You are viewing a plain text version of this content. The canonical link for it is here.
Posted to dev@nutch.apache.org by lewis john mcgibbney <le...@apache.org> on 2021/01/24 21:37:46 UTC

CVE-2021-23901: An XML external entity (XXE) injection vulnerability exists in the Nutch DmozParser

Description:

An XML external entity (XXE) injection vulnerability was discovered in the
Nutch DmozParser and is known to affect Nutch versions < 1.18. XML external
entity injection (also known as XXE) is a web security vulnerability that
allows an attacker to interfere with an application's processing of XML
data. It often allows an attacker to view files on the application server
filesystem, and to interact with any back-end or external systems that the
application itself can access.


This issue is being tracked as NUTCH-2841

Credit:

The Apache Nutch Project Management Committee would like to thank Martin
Heyden for reporting this issue to the Apache Security Team.
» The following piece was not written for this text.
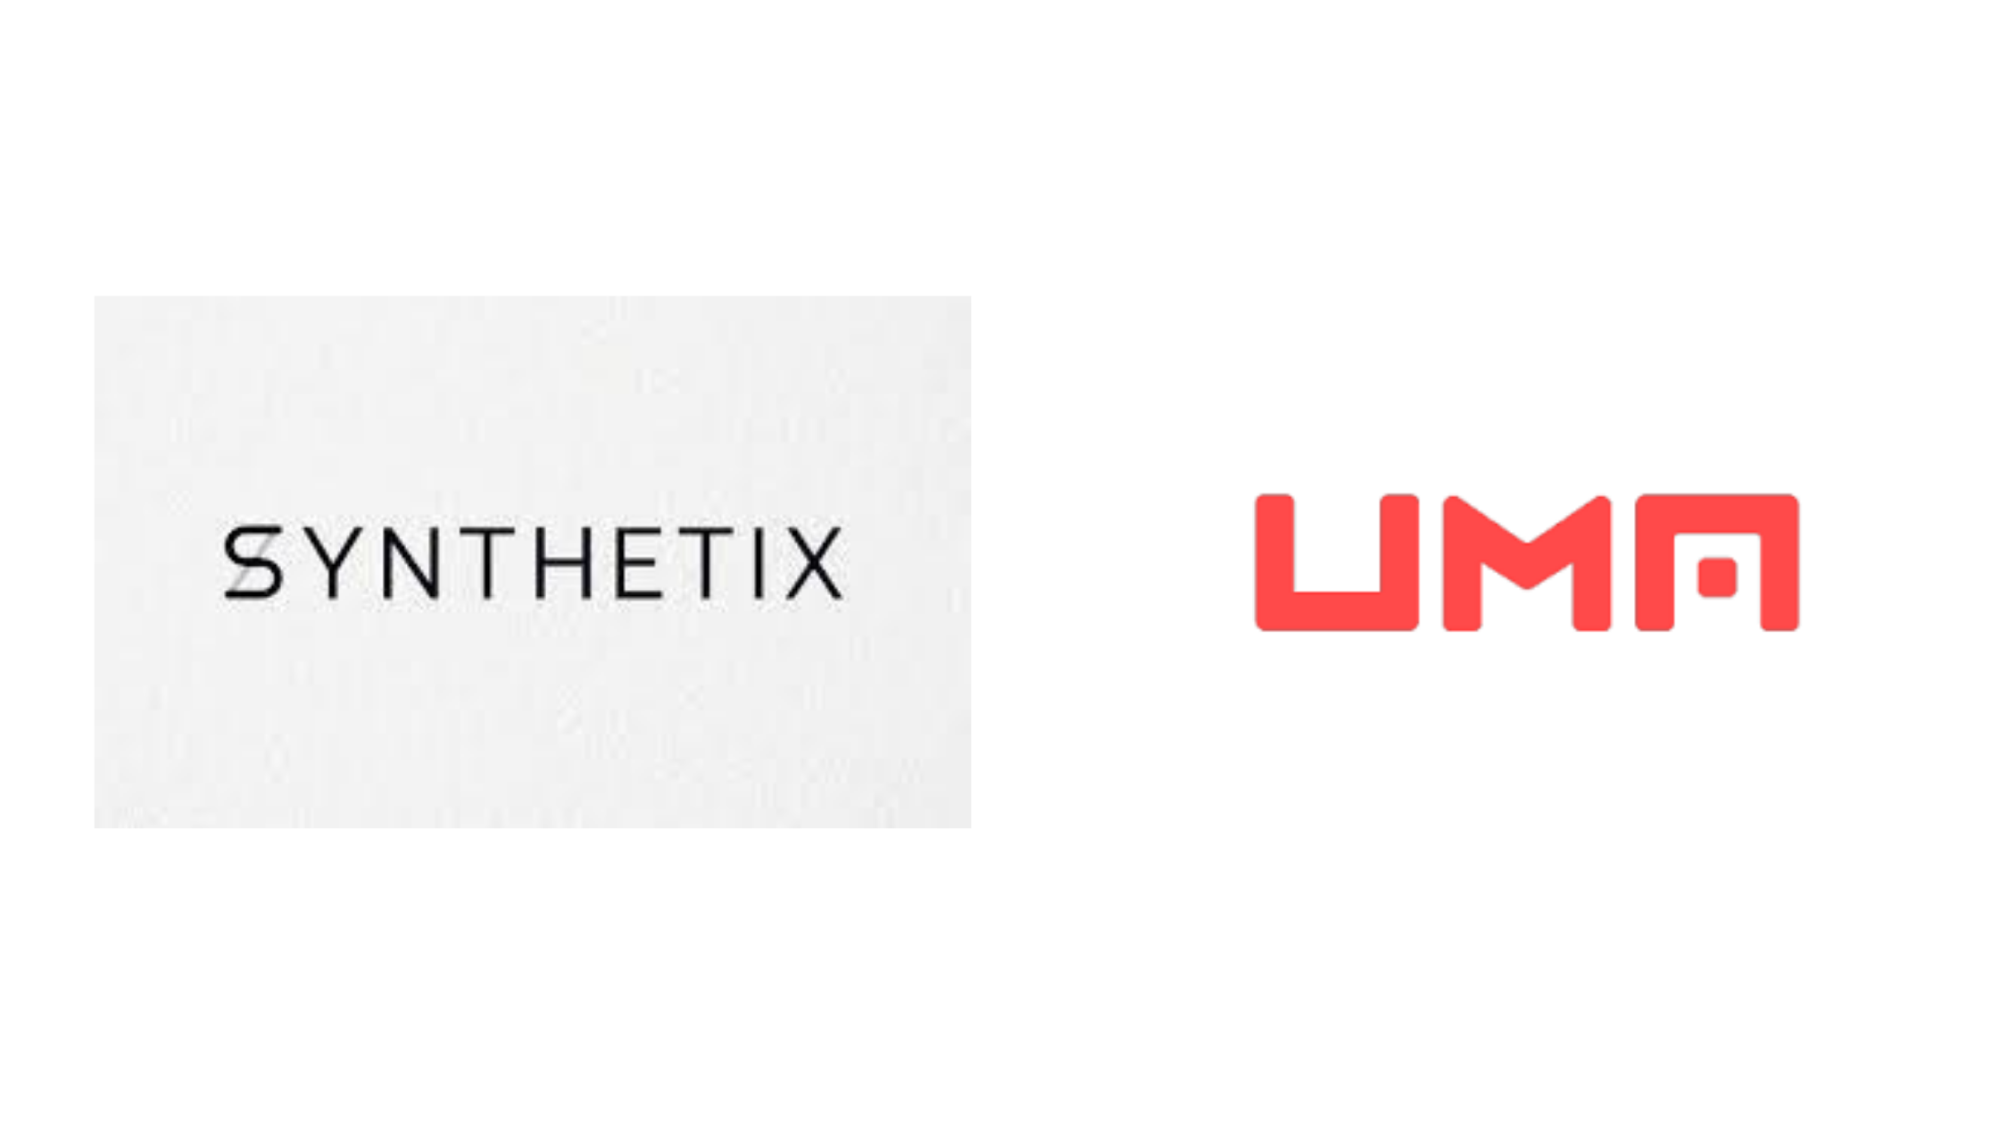 Synthetix and UMA logos
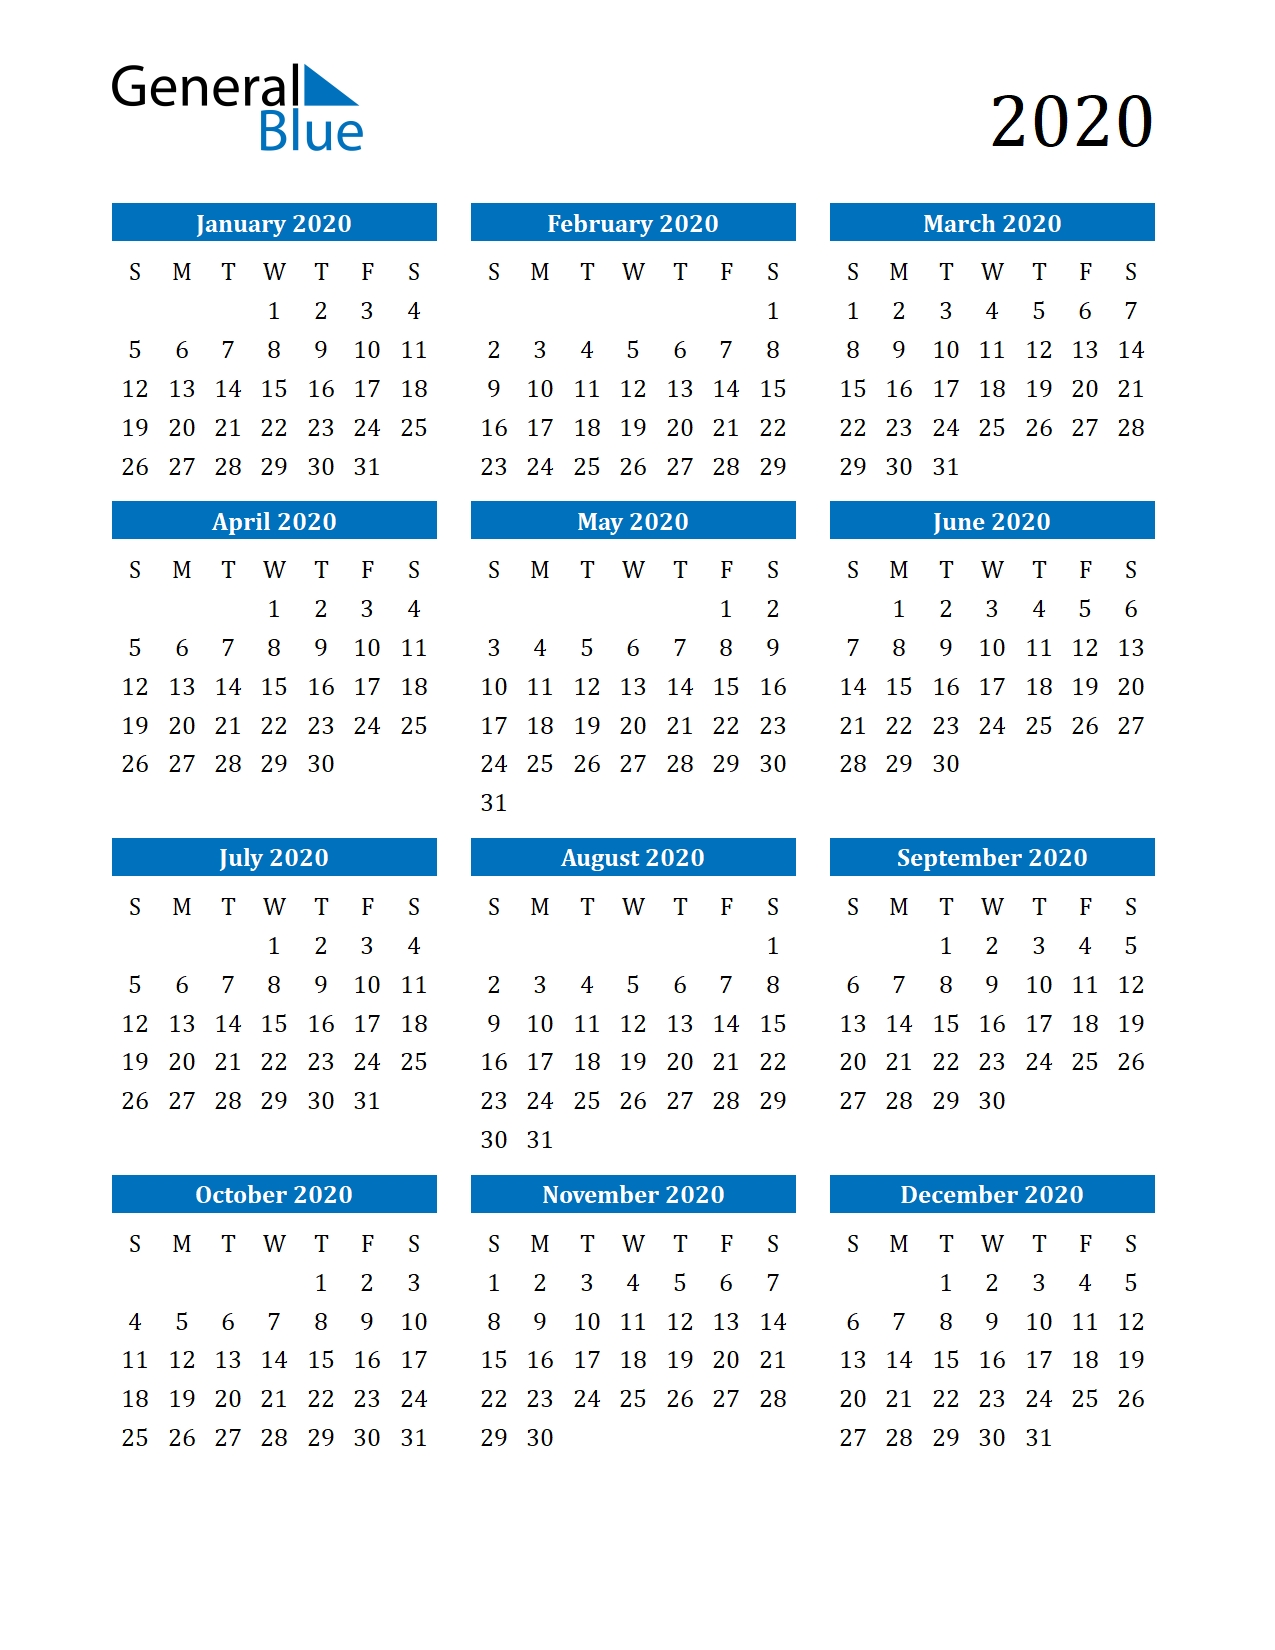 Get August Through December Calendar

We are
indebted.



--
http://home.apache.org/~lewismc/
http://people.apache.org/keys/committer/lewismc

Re: CVE-2021-23901: An XML external entity (XXE) injection vulnerability exists in the Nutch DmozParser

Posted by Sebastian Nagel <wa...@googlemail.com>.
 > Do we still need the DMOZ parser?

DMOZ is now offline since 3 years [1] and none of the projects claiming to be successors [2,3]
provides the RDF dumps required as input for the DMOZ parser.

It soon will become a legacy tool and we might think whether it's better to remove it.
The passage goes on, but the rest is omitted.